On Wednesday, LGBT activist Alexey Davydov was supposed to take part in a protest against the Sochi Olympics but had to go to the hospital instead. Last night, he slipped into a coma. This morning, he was gone.
Before he was an LGBT activist, though, Davydov, who was 36, had been a democracy activist with the liberal umbrella group Solidarnost. It was in this capacity that he was arrested, in 2011, at a meager protest to defend Russians' rights to free assembly, and, in the process, had his arm so severely broken that he required a month's stay in the hospital. Davydov, a diabetic who was on dialysis, contracted an infection which led to kidney failure, his friends say. By the end, his health was so frail that, on a recent visit to Voronezh to protest gay discrimination there, a bout of food poisoning sent him into his first coma.
The police did not kill Davydov, in other words, but they sure didn't help.
About a month ago, I interviewed Davydov for a story on what life was like for gay Russians after Putin signed a series of strange, medieval anti-gay laws. Davydov, who spoke quickly and softly, was not interested in telling me the story of his coming out to his family and friends; he wanted to tell me what he was doing about the laws.
A month earlier, in July, he and a handful of other activists had gone to a Moscow children's library and Davydov unfurled a sign that said "Being gay is normal." He was immediately arrested and became the first person charged with violating the new law: spreading "propaganda about non-traditional sexual orientations among minors."
The plan, Davydov told me, was to force the Russian courts to take up the issue and be forced to define and grapple with a vaguely worded law. When we spoke, he was waiting for the local court to take his case, but he had bigger plans. "I hope to take this to the Constitutional Court," he said, referring to Russia's supreme court.

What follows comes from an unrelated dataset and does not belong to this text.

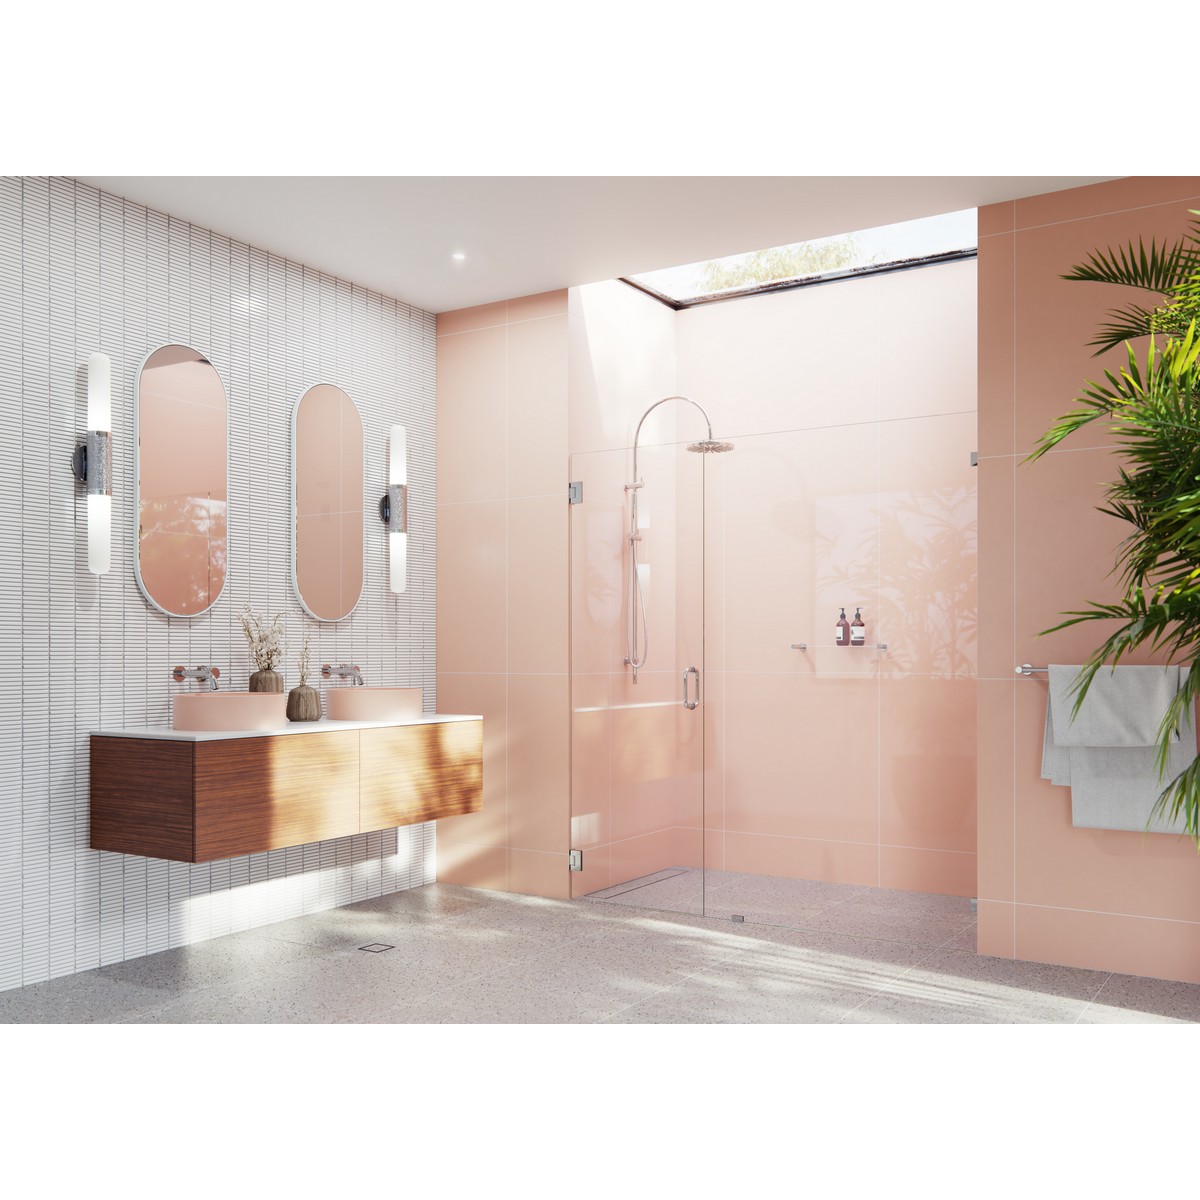 GLASS WAREHOUSE GW-WH-68.25 ILLUME 68 1/4 W X 78 H WALL HINGED FULLY FRAMELESS GLASS SHOWER ENCLOSURE

Now that Davydov is gone, it is not clear who will take up the mantle. In fact, it reveals a rather glaring hole: there are lots of democracy activists, but not as many LGBT ones, and not many of the former are willing to pick up their swords to fight for the latter, dismayed and horrified by the laws as they are. "He was the creative force behind LGBTA direct action," says journalist and LGBT activist Masha Gessen, "and this is what makes one realize just how few people there are."